The output is the lines below from the one with "Renault Truck Wiring" through the one with "Pet Parents USA", both included, printed exactly and with no other line.

## DATASET EXCERPTS:
[Start of section]

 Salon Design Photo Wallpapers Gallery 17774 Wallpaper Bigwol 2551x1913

[End of section]
[Start of section]

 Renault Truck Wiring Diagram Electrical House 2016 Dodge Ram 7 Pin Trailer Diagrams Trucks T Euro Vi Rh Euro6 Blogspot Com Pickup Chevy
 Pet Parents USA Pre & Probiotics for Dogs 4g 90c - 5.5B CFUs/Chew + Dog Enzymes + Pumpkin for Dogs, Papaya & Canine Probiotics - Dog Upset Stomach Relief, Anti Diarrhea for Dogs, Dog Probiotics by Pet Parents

[End of section]

## SOLUTION FOR THIS TASK:
 Renault Truck Wiring Diagram Electrical House 2016 Dodge Ram 7 Pin Trailer Diagrams Trucks T Euro Vi Rh Euro6 Blogspot Com Pickup Chevy
 Pet Parents USA Pre & Probiotics for Dogs 4g 90c - 5.5B CFUs/Chew + Dog Enzymes + Pumpkin for Dogs, Papaya & Canine Probiotics - Dog Upset Stomach Relief, Anti Diarrhea for Dogs, Dog Probiotics by Pet Parents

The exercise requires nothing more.